I can't say that I have studied Booking enough to given an intrinsic valuation but on a relative P/E valuation it appears cheaper. On growth, the consensus is that Airbnb will grow by double digits for the next number of years compared to 8/9% for Booking. If this transpires then it means that Airbnb is increasing its market share. The real value creation for Airbnb will be its own advertising platform which I feel is being ignored at the moment. Two great businesses in my opinion, I use both regularly.
Do you think the terminal growth in FCF is understated in the analysis?
If you assume a terminal growth of 4% (2% from volume and 2% from pricing due to inflation) then shares trade at a 43% discount.
You could assume that unit growth in property listings/stays grows at the rate of real growth in GDP (probably 2% over the long term). This is because we will probably build a net 2% more properties each year over the long term and as people become more productive they will have more discretionary time and income to travel.
You could also assume that the revenue per listing grows at the long term inflation rate (also probably 2% in the long term). This is because hosts charge daily rates in nominal terms and since revenues are a function of the product of take rate and GBV then the price per listing should increase by 2% over the long term as well.
Thank you for reading. I can see where you are coming from but I would never use a 4% terminal growth rate for any business. If you do that you are saying that the company will be bigger than the world’s GDP which is obviously impossible. Hope that makes sense.
Agree with this response. I think the assumption of 2% pricing growth due to inflation is entirely reasonable but another 2% (for a total of 4%) forever is extremely aggressive and as Wolf says, over the period of forever would eclipse the entire economy.

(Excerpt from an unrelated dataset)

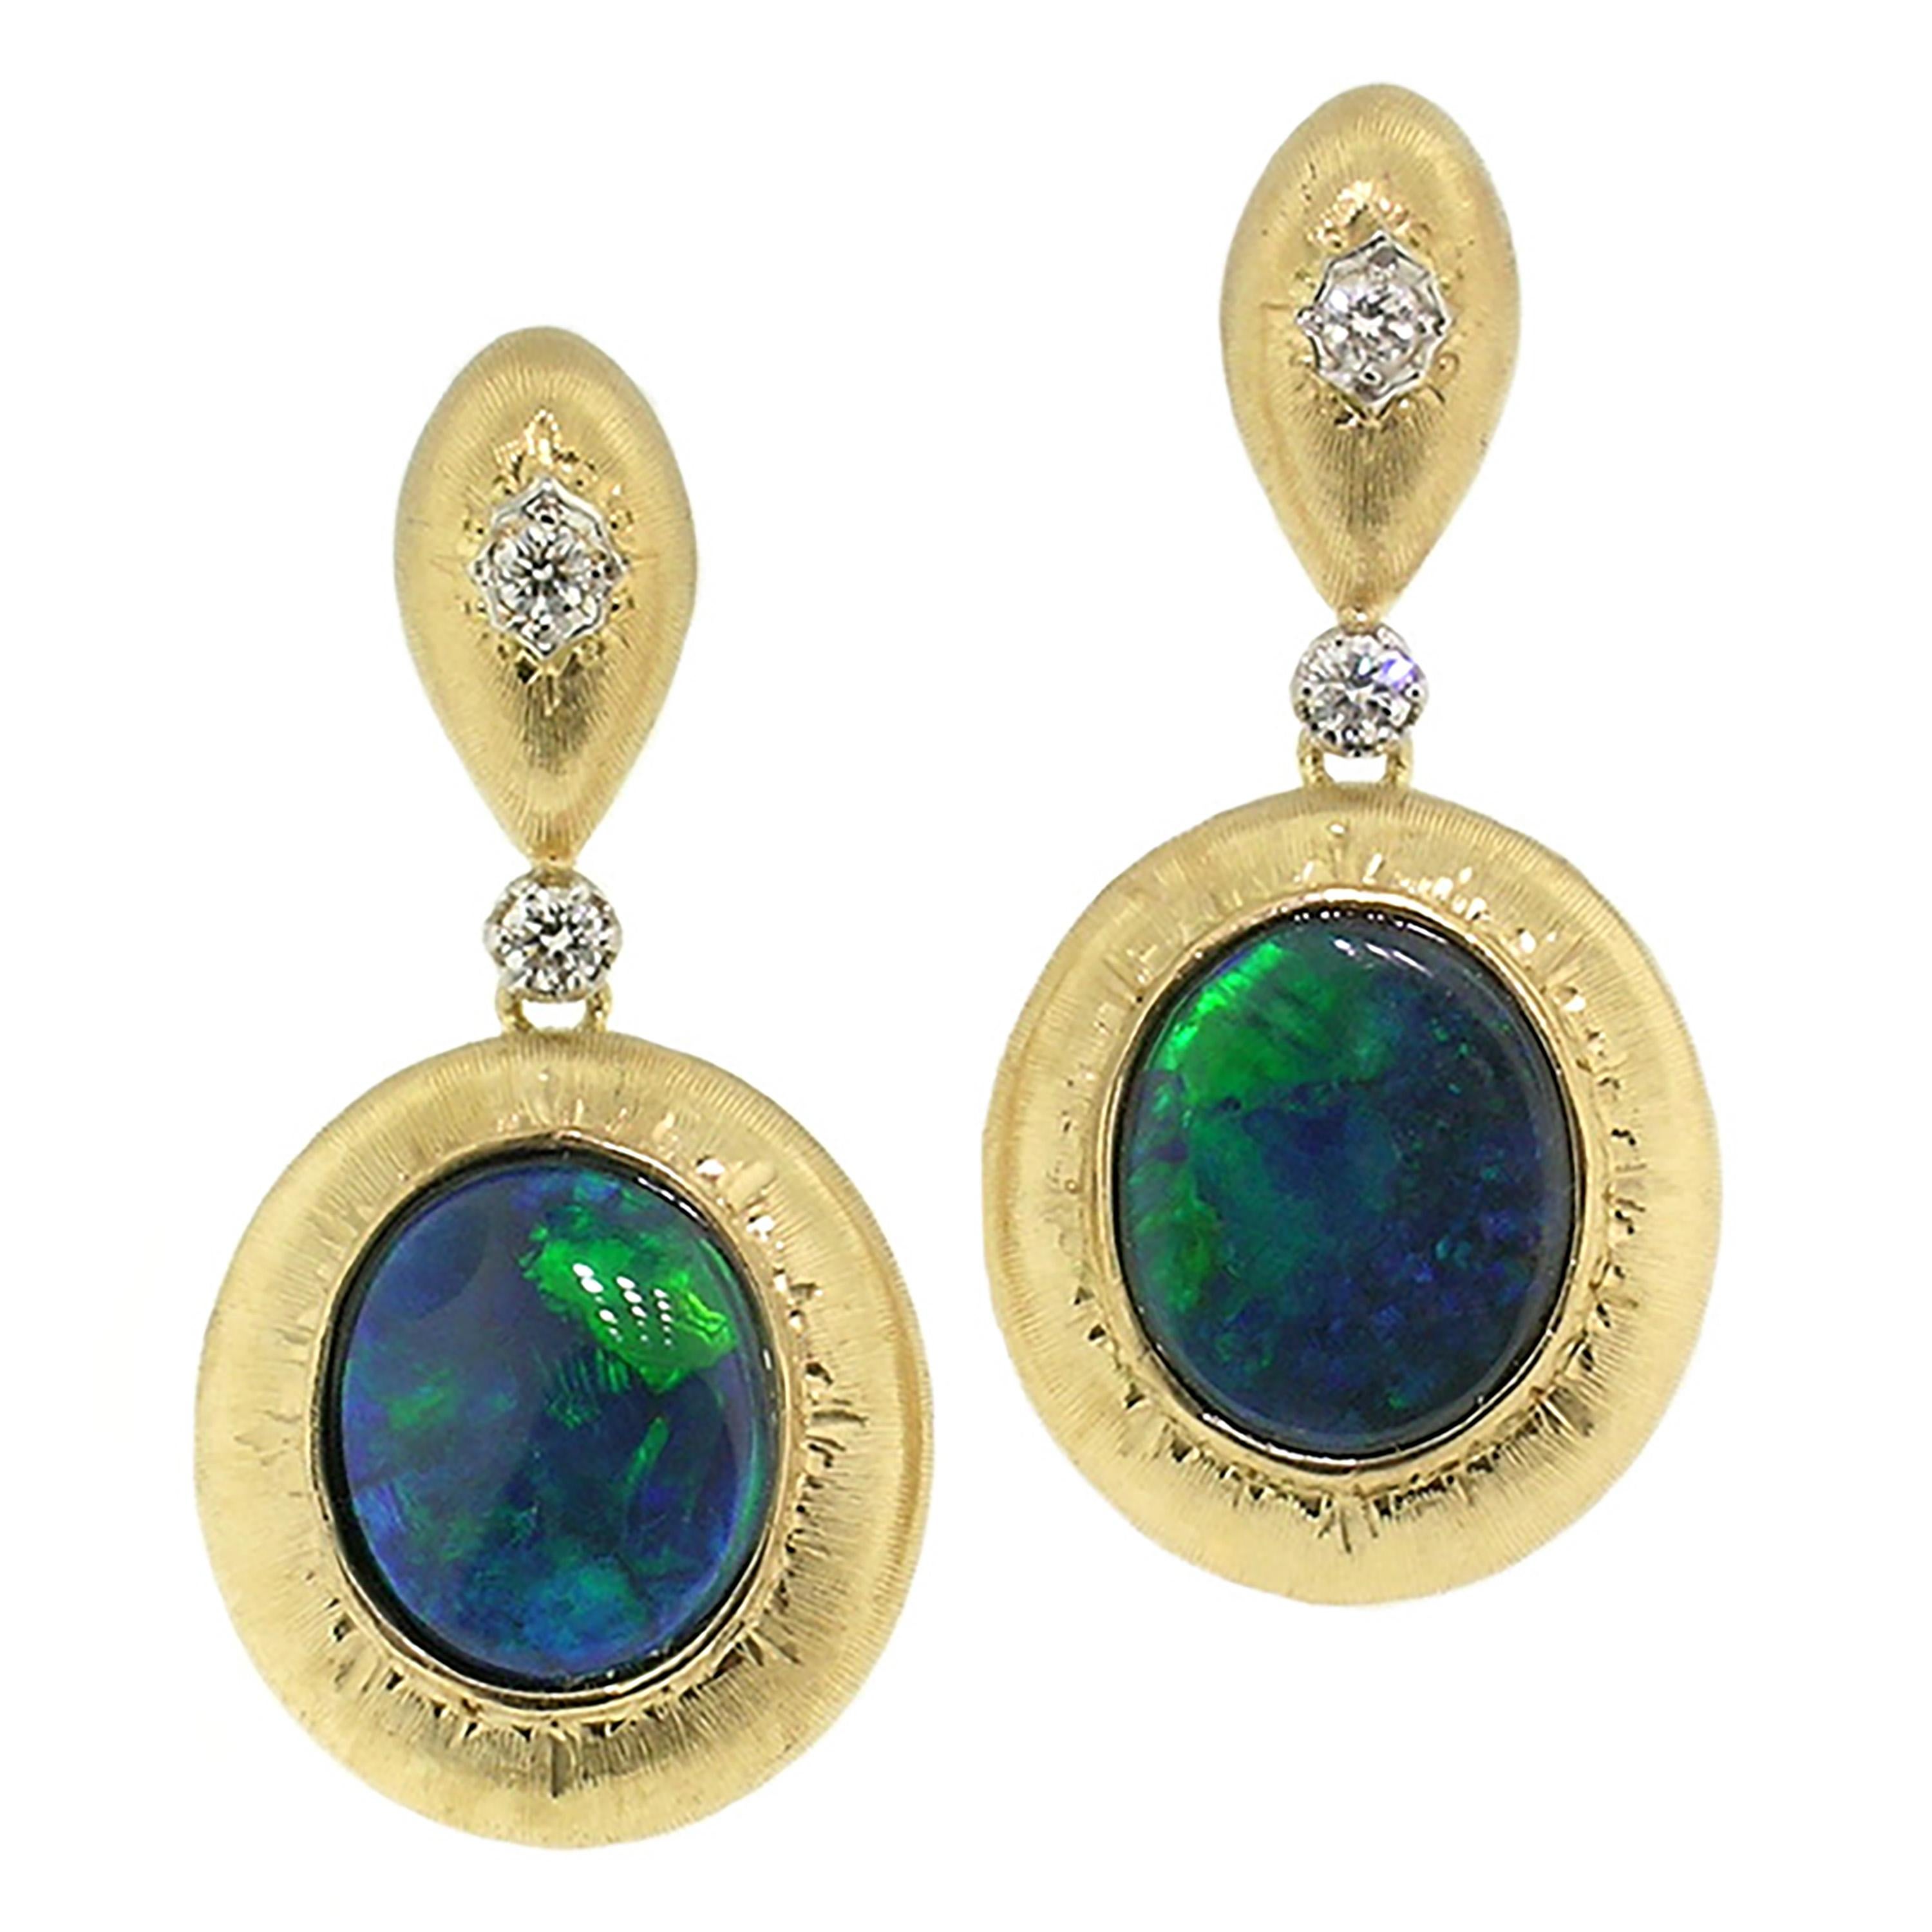 4.87ct Australian Black Opals in 18kt Earrings, Made in Italy by Cynthia Scott

I can definitely get behind the reluctance of "4% terminal growth". You could instead reframe the question to talk about terminal multiples. For example, I don't think it would be that crazy to project that AirBNB could trade at a P/FCF of 17.3 instead of 12.75.
A terminal growth rate of 2% implies a 12.75 P/FCF multiple and a terminal growth rate of 4% implies a 17.3 P/FCF multiple. It doesn't seem to be *as* crazy when framed differently (even though "grows bigger than the world's GDP" is technically what 4% is saying).
What do you guys think? Is that still bad practice for a DCF?
If I recall correctly, the best practice if I wanted to model 4% growth, would be to add a second growth phase (at 4%) prior to the 2% terminal growth phase.
Yes that's right. If you want to project higher growth you would be better served extending your explicit forecast period and applying a growth rate, then using a GDP-like or inflation-like terminal growth rate from the time you think the business may enter "steady state" maturity.
Agree with Wolf's earlier reply to this as well re mixing multiple "valuation" with DCF valuation. If you include a multiple in your DCF (usually used to calculate the terminal value) then it isn't really a DCF.
I moment I realised a multiple is an "output" of a valuation model instead of an "input", my understanding completely shifted.
I guess the issue with using an exit multiple is now you are mixing an intrinsic valuation technique with a relative valuation technique. A true DCF represents the future cash flows generated by the company. If you use an exit multiple the calculation is no longer intrinsic.
FWIW I initially modelled using exit multiples but I moved to a terminal growth rate for the above reason. Nothing wrong with using valuation multiples in general but I’d avoid mixing with a DCF.
I would just like to say thank you for the work you put in! This was an extremely well-written and accessible analysis that left me with a lot of food for thought!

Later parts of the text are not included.